» **Your objective**: The answer must reproduce the listing exactly, with every picture left out.

» **Source material**:
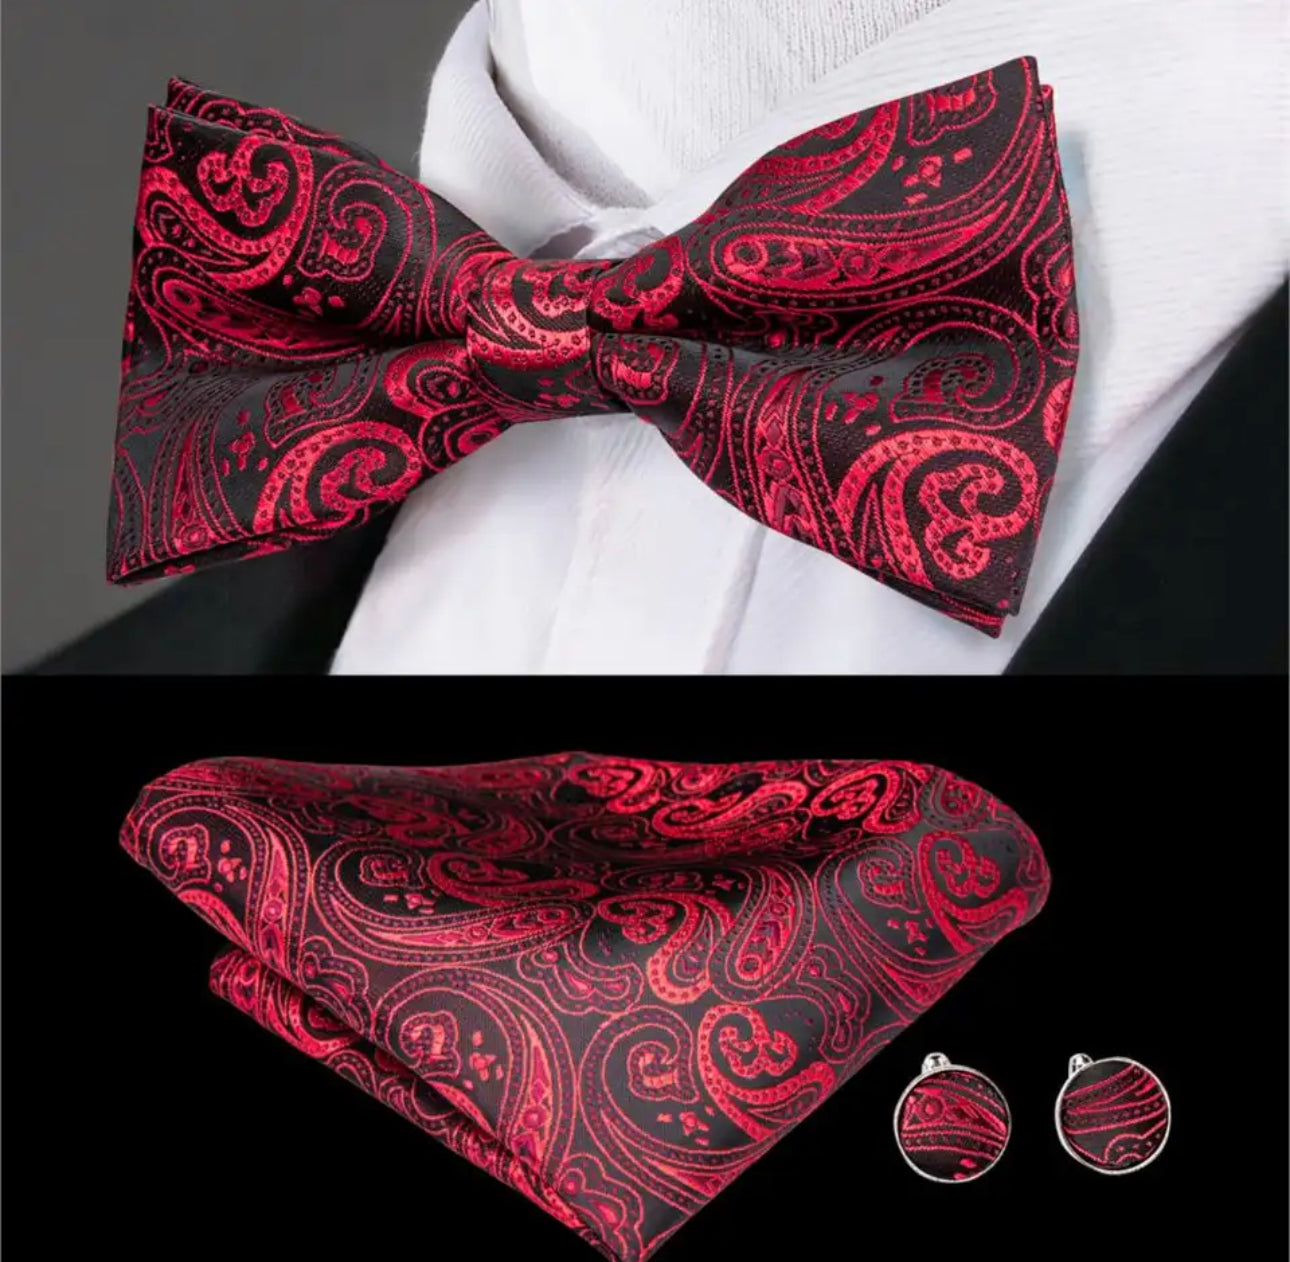 Men’s Silk Coordinated Black Bow Tie Set - Red Black Paisley 0789
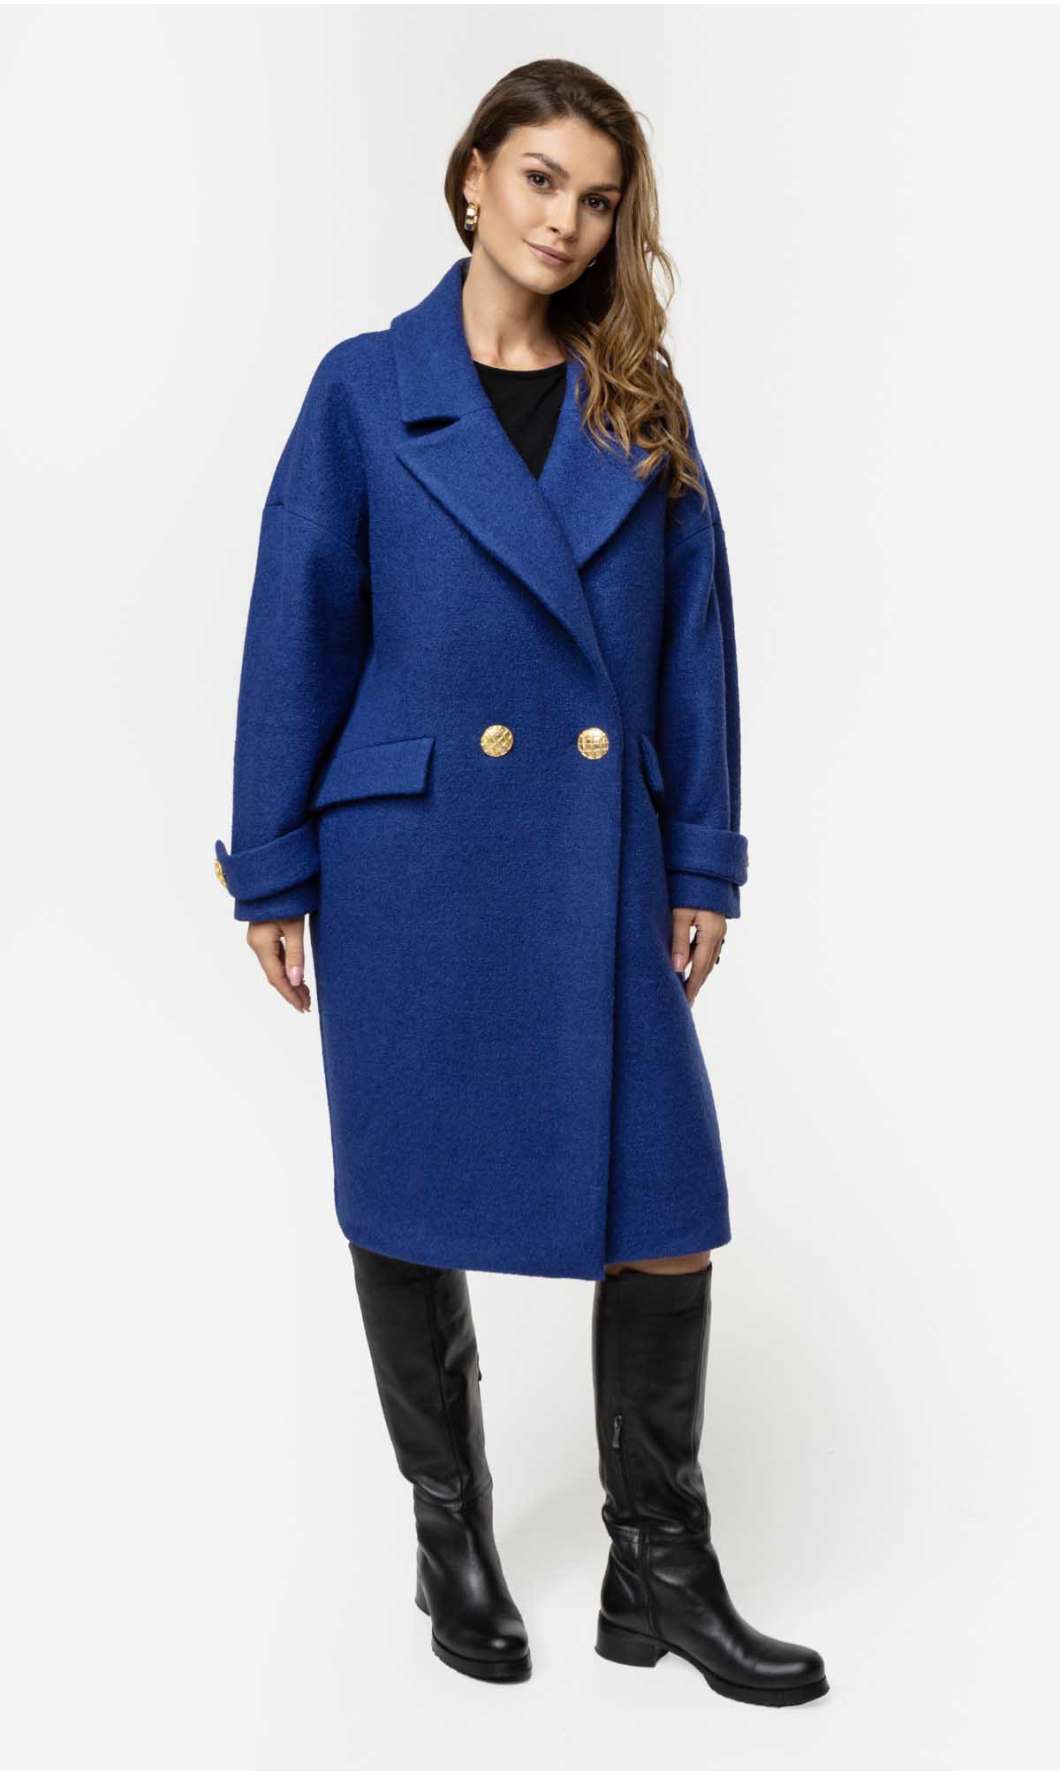 STELLA coat - navy blue
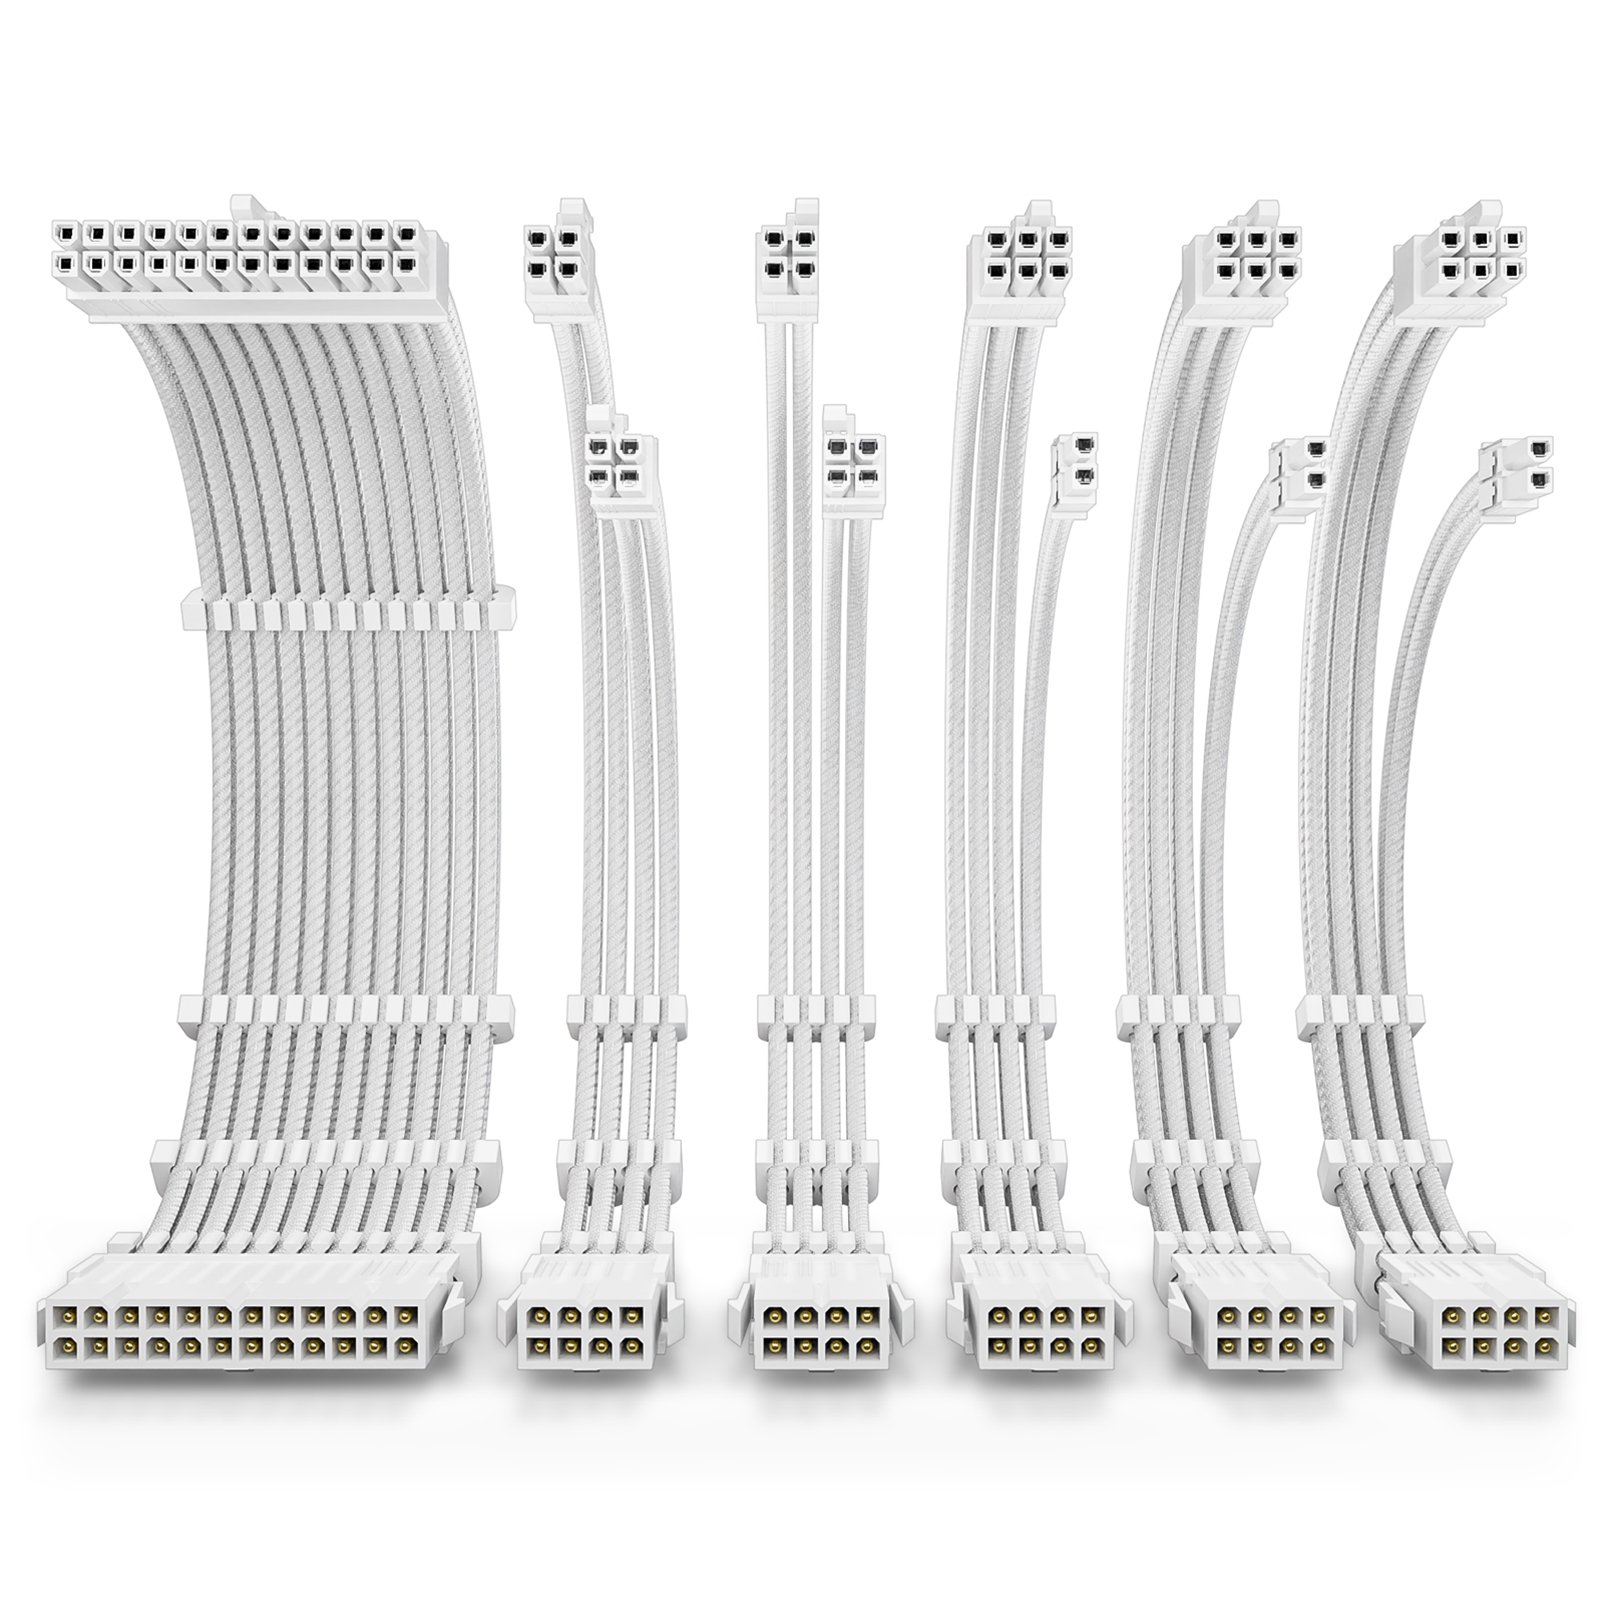 0-761345-77697-4 ANTEC White PSU Extension Cable Kit - 6 Pack (1x 24 Pin, 2x 4+4 Pin, 3x 6+2 Pin)

» **Answer to this task**:
 Men’s Silk Coordinated Black Bow Tie Set - Red Black Paisley 0789
 STELLA coat - navy blue
 0-761345-77697-4 ANTEC White PSU Extension Cable Kit - 6 Pack (1x 24 Pin, 2x 4+4 Pin, 3x 6+2 Pin)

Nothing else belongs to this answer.